In order to accommodate the requirements for speed and time I replaced the existing memory banks of 256 Kb with 1 Mb chips:
hs small thrust stand 1mb

However the 24AA1026 I2C memory from Microchip has slightly different addressing and no internal pull-down resistors for the WP pin (or at least nothing is mentioned about that in the datasheet). Therefore I had to modify a little bit the current PCB – solder the WP pin to ground, and change the addressing on one of the chips. Changing the memory address is actually cutting the pin from the ground and soldering it to the nearest pin to connect it to the positive supply.


The flow chart remains the same:




Once that was done the next step was to make a good case for the DAQ system. For this case I decided to use the same Epoxy/paper laminate as before. Only this time instead of the usual push-down connectors I used the following 4 pin chassis connectors. Also in this case I left place for a 9 volt battery.

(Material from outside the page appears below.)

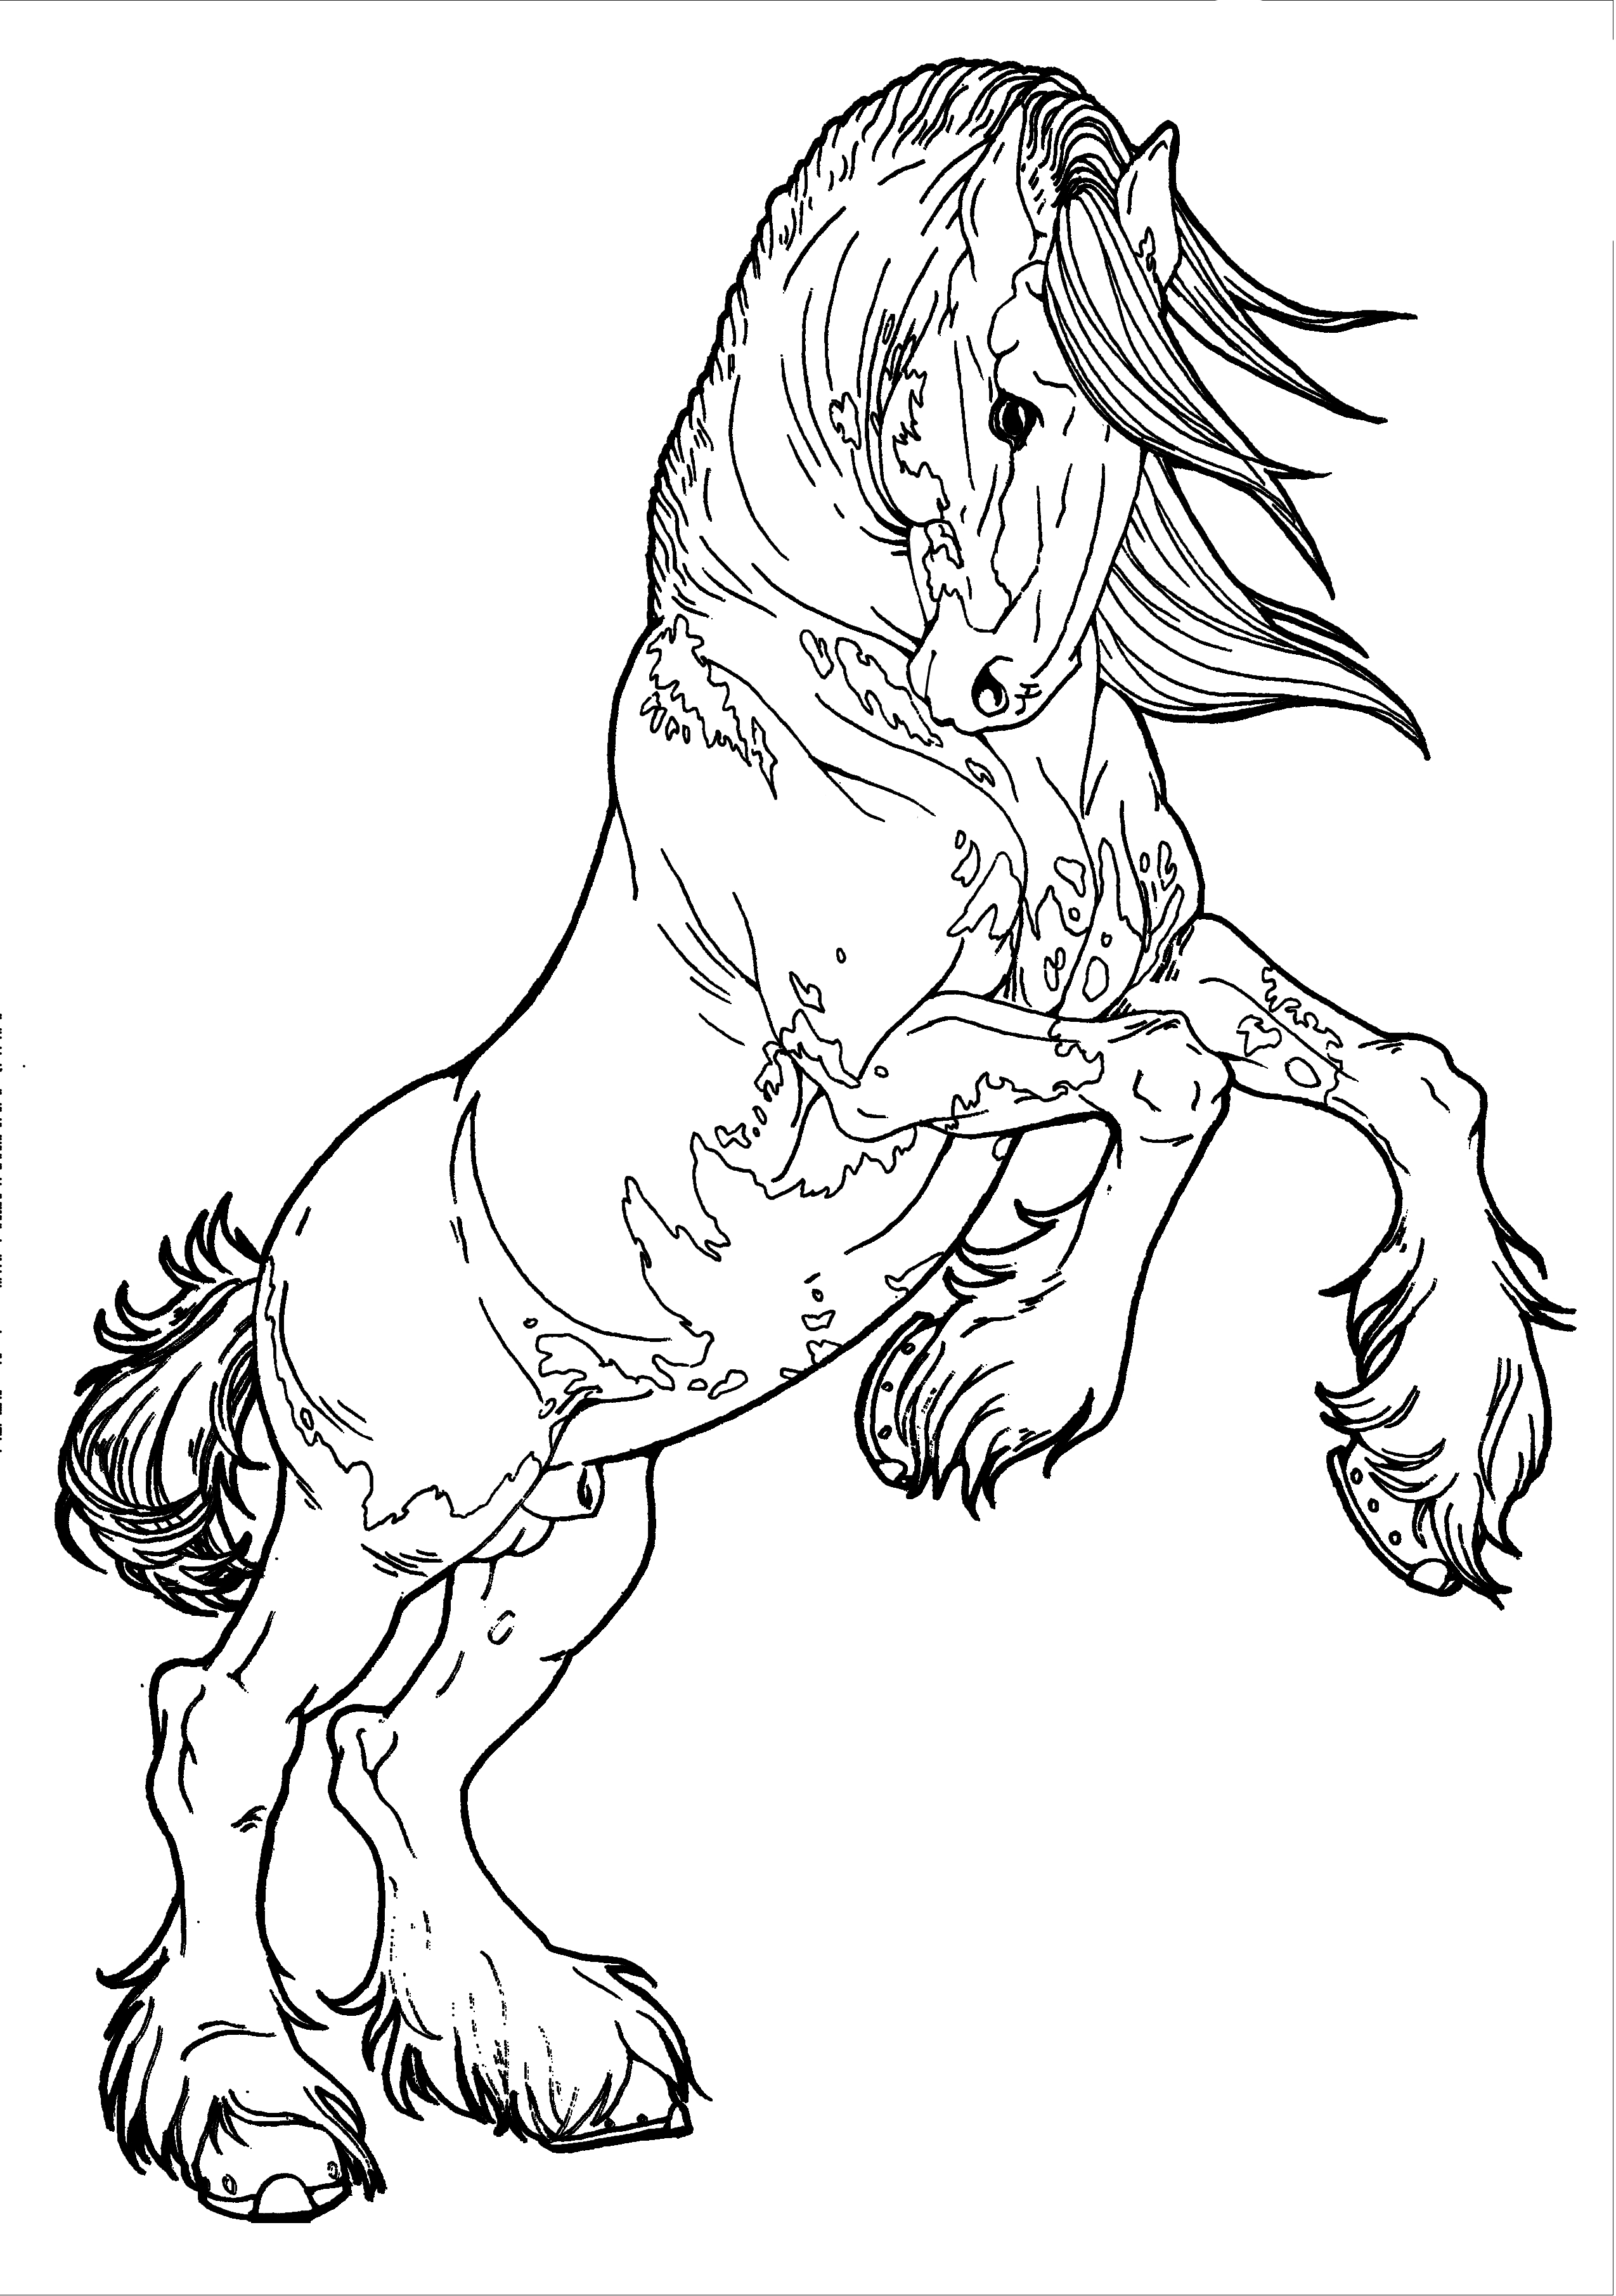 Realistic Horse Coloring Pages - AeroGrafiaOnline

So here are few photos of the entire process of making the box. First I started by drawing and printing the box parts. Then I cut them out with a paper knife and a ruler. Next I laminated them with epoxy. Once the epoxy cured, I drilled the holes and sanded the parts. After that I glued the parts with a 5 minute epoxy and once everything cured it was time to check whether all parts fit. Finally when all was done I put few layers of paint to protect the case.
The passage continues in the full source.